Naquele ano, Jawad aliou-se à Islamic Help. Desde que iniciou a campanha de cirurgias reparadoras, em 2005, a entidade realizou mais de cem procedimentos em cerca de 50 pacientes. As viagens da Inglaterra para o Paquistão ocorrem a cada três meses, e as operações são feitas em hospitais parceiros em Karachi e na capital, Islamabad, explica Fazil.

Falta de infraestrutura, medicamentos, recursos e material cirúrgico são os principais desafios - tenta-se fazer o melhor com o que se tem disponível. Além disso, há uma preocupação em treinar médicos locais para o procedimento nesses casos.

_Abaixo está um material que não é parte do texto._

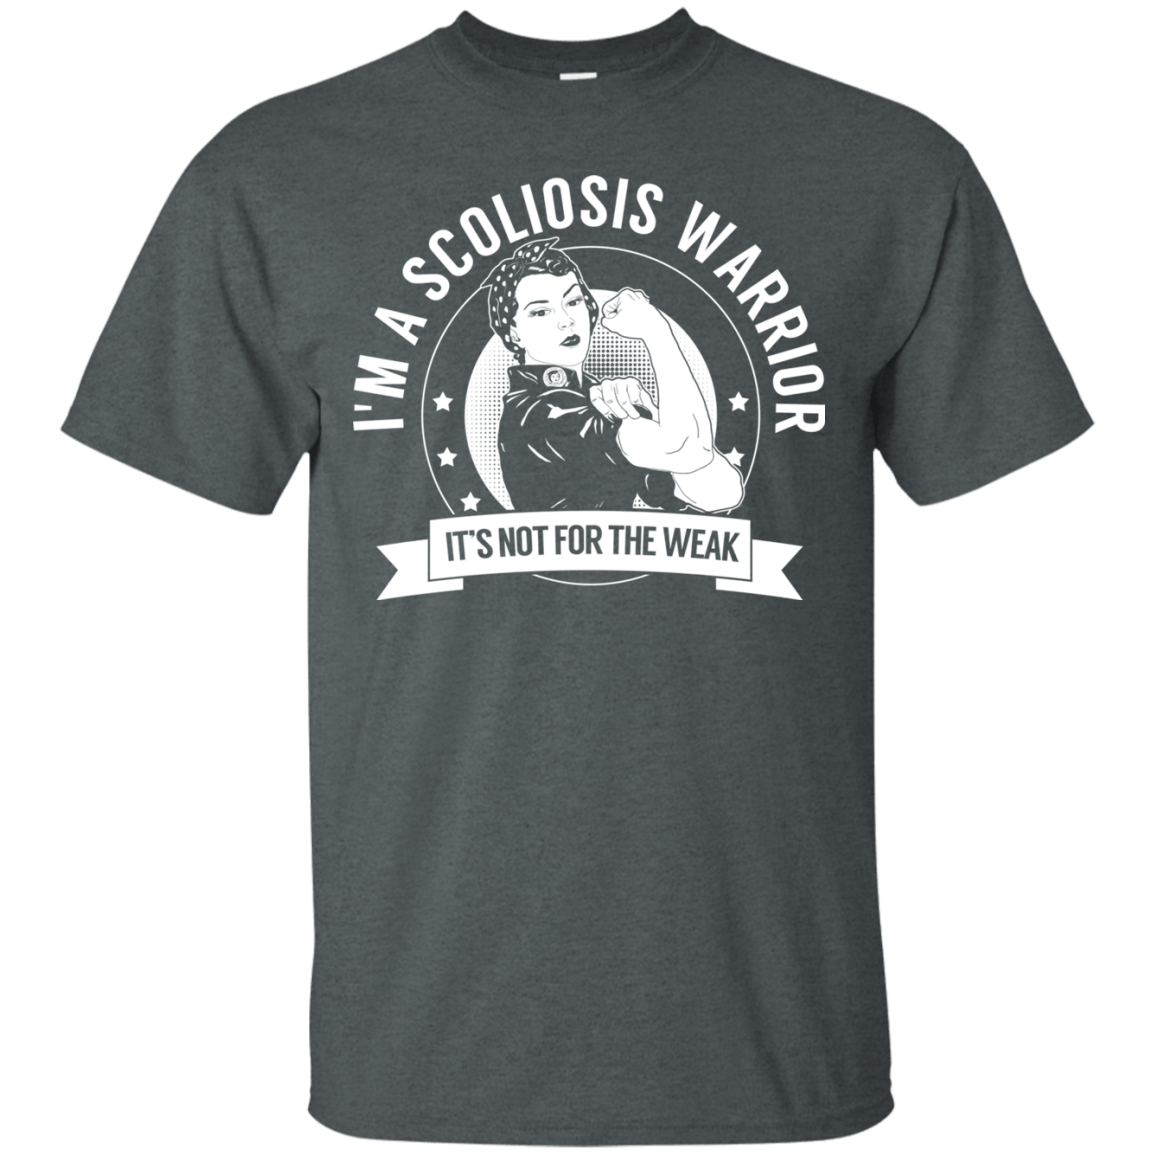 Scoliosis Warrior Not For The Weak Unisex Shirt - The Unchargeables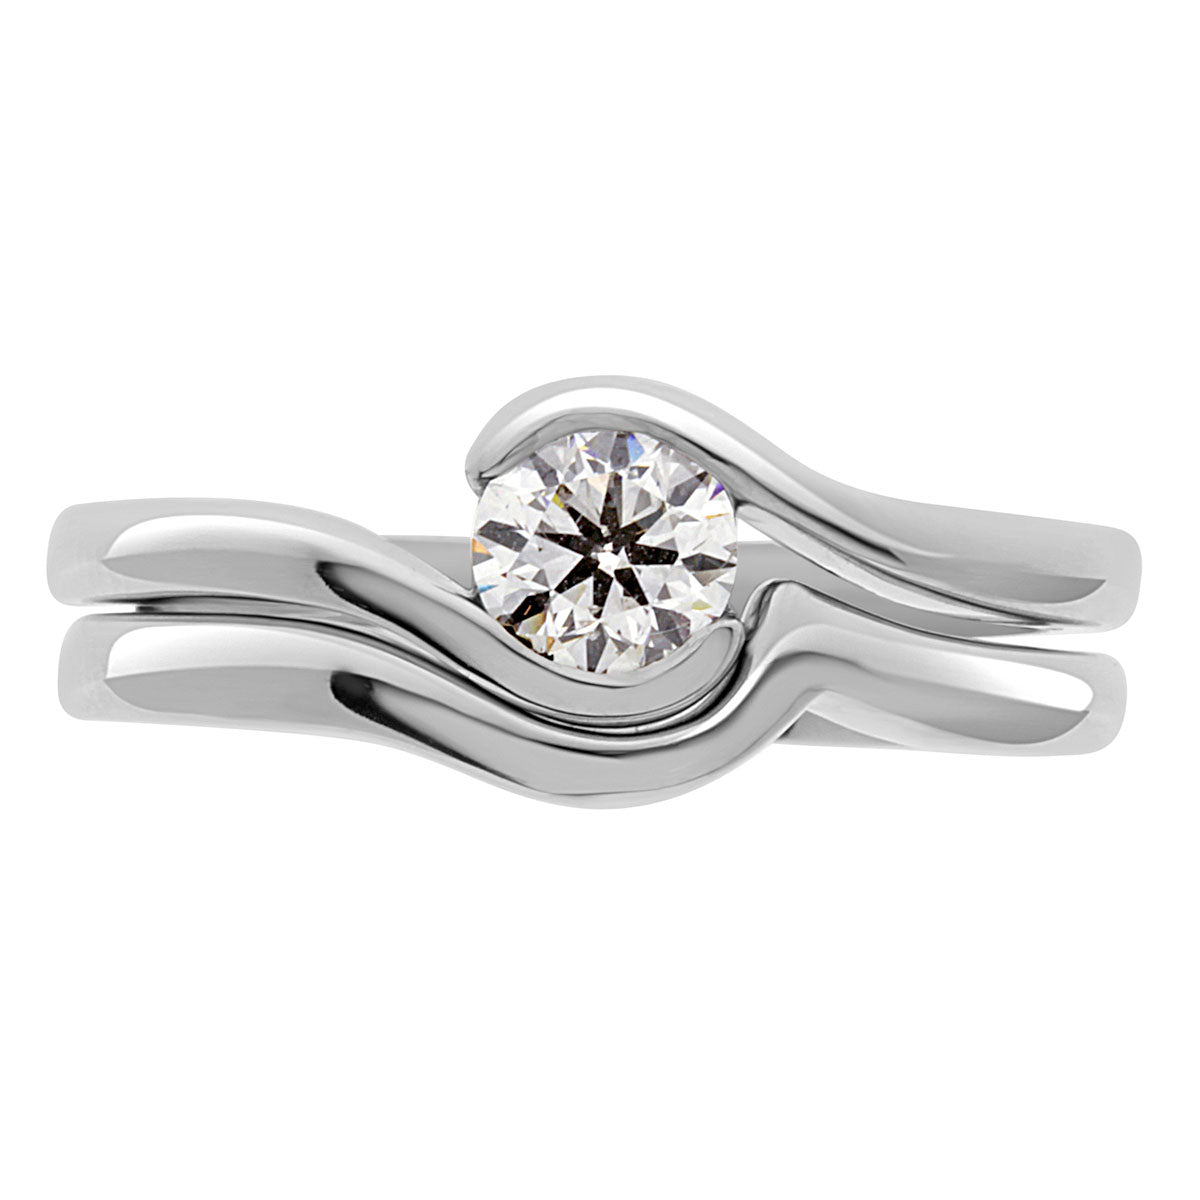 Tension Set Diamond Ring made in white gold with a matching wedding ring

"Já tivemos algumas experiências com cirurgiões ocidentais, acostumados aos melhores equipamentos, mas que, em um país em desenvolvimento, não sabem improvisar. O que criamos com os médicos é sempre um elemento de treinamento, habilidades que serão transferidas para outros cirurgiões, porque alguns desses tratamentos nunca foram feitos nesses países", observa o diretor.

Agora, a Islamic Help soma esforços com a ASTI - que tem a ASF-P como parceiro local. Antes restrito à sala de cirurgia, a ação da ONG com sede em Birmingham pretende reintegrar as pacientes à comunidade por meio de oportunidades de trabalho.

A ASTI, por sua vez, já trabalha com um programa integral de apoio às sobreviventes, tratamento médico, suporte legal, educação e treinamento, além de atuar para reduzir o número de ataques. Presidente da entidade e fundador do parceiro local em Bangladesh, John Morrison afirma que o número de ataques naquele país sofreu uma redução de 500 em 2002 para cem nos últimos anos, e segue em declínio. A ASTI e seus parceiros já ajudaram mais de 3 mil pacientes em cinco países (Bangladesh, Cambodia, Uganda, Paquistão e Nepal).